Reklama

Jak się utrzymamy, w remizie zrobimy swoje

redakcja

Autor:redakcja

12 maja 2018, 21:02 • 5 min czytania 9 komentarzy

Niedługo po meczu z Arką Gdynia, na antenie Weszło FM z Bartoszem Szeligą z Bruk-Bet Termaliki Nieciecza porozmawiali Samuel Szczygielski i Dariusz Urbanowicz. Jaki jest stosunek pomocnika do tego, co w ostatnim czasie mówiło się o klubie z gminy Żabno? Co takiego powiedział piłkarzom z Niecieczy Jacek Zieliński tuż po spotkaniu? Kiedy zwątpił, czy uda się utrzymać w lidze?
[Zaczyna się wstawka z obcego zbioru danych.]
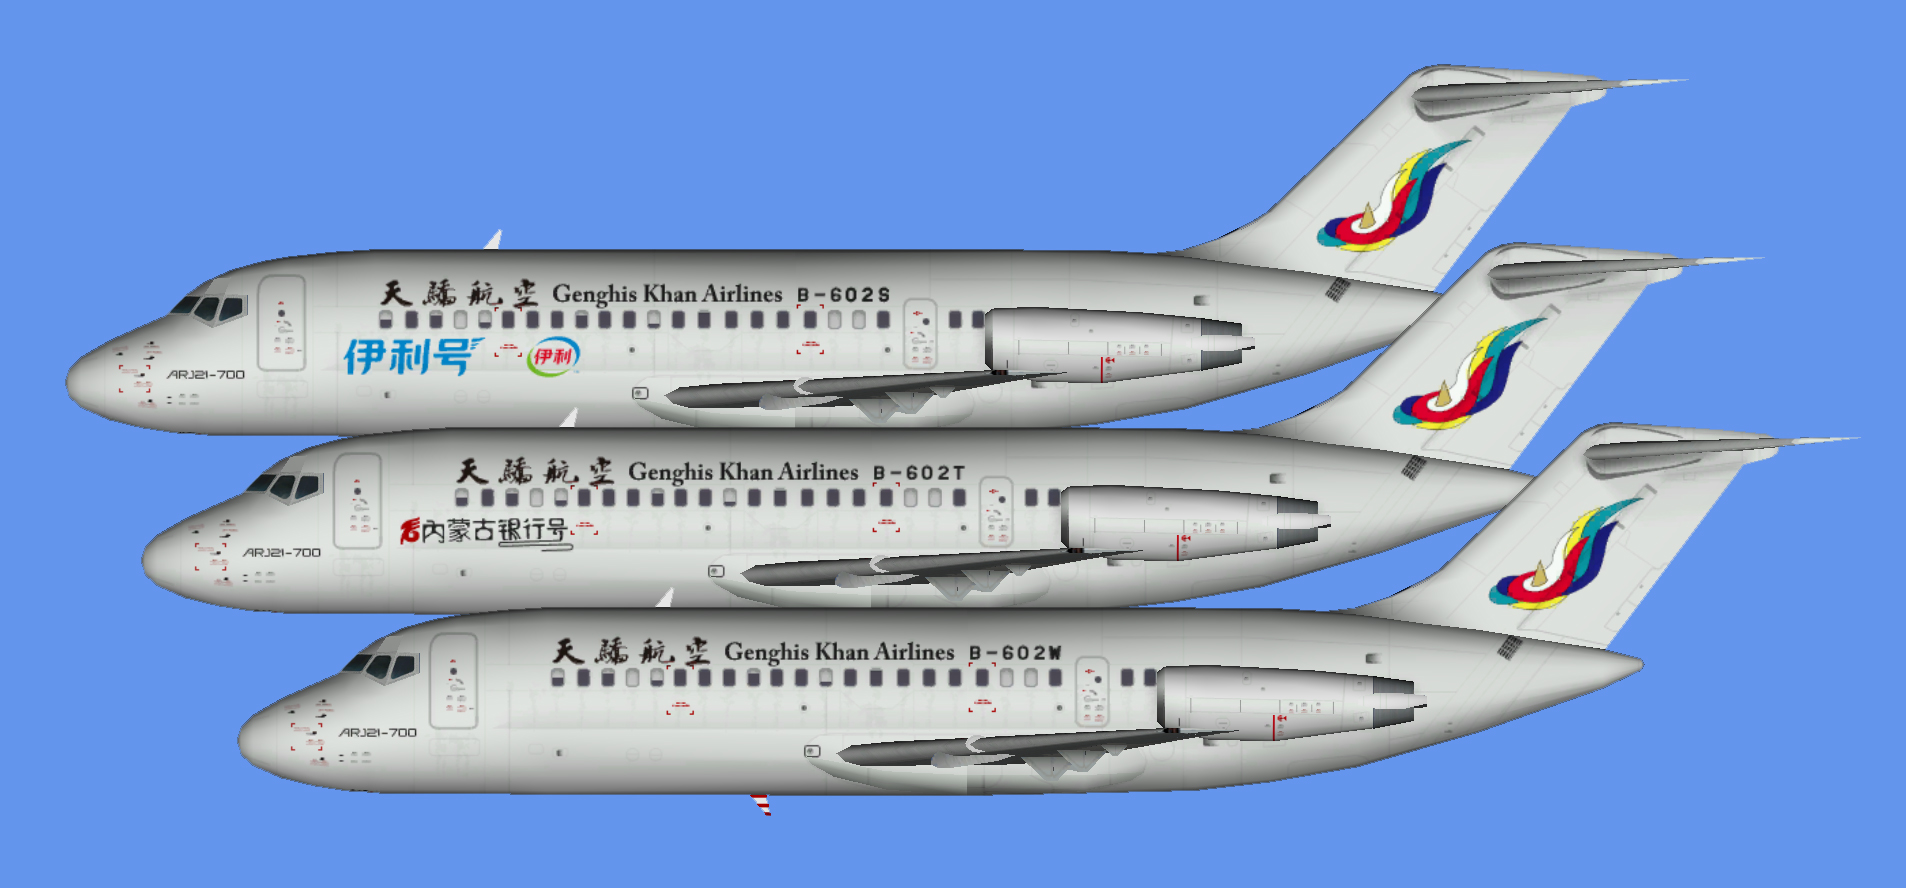 Genghis Khan Airlines ARJ21

Jak się utrzymamy, w remizie zrobimy swoje

Remiza w Niecieczy zarezerwowana na całą noc?

Tego nie wiem (śmiech). Nie no, myślę, że spokojnie – mamy do wykonania jeszcze jeden krok, to jeszcze nie koniec. Trzeba się cieszyć ze zwycięstwa, ale głowy muszą pozostać chłodne, ostatni mecz musimy wygrać.

Nie musicie.

Lepiej myśleć, że musisz wygrać. Nie możesz jechać po remis. Jedziemy po trzy punkty, nie ma co się bronić. Wiadomo, jak kończą się mecze grane z nastawieniem, żeby się wycofać, przeczekać. Jedziemy po trzy punkty.

Reklama

Jak będzie 80. minuta i 0:0 to nie powiesz mi, że Bruk-Bet będzie szaleńczo atakował.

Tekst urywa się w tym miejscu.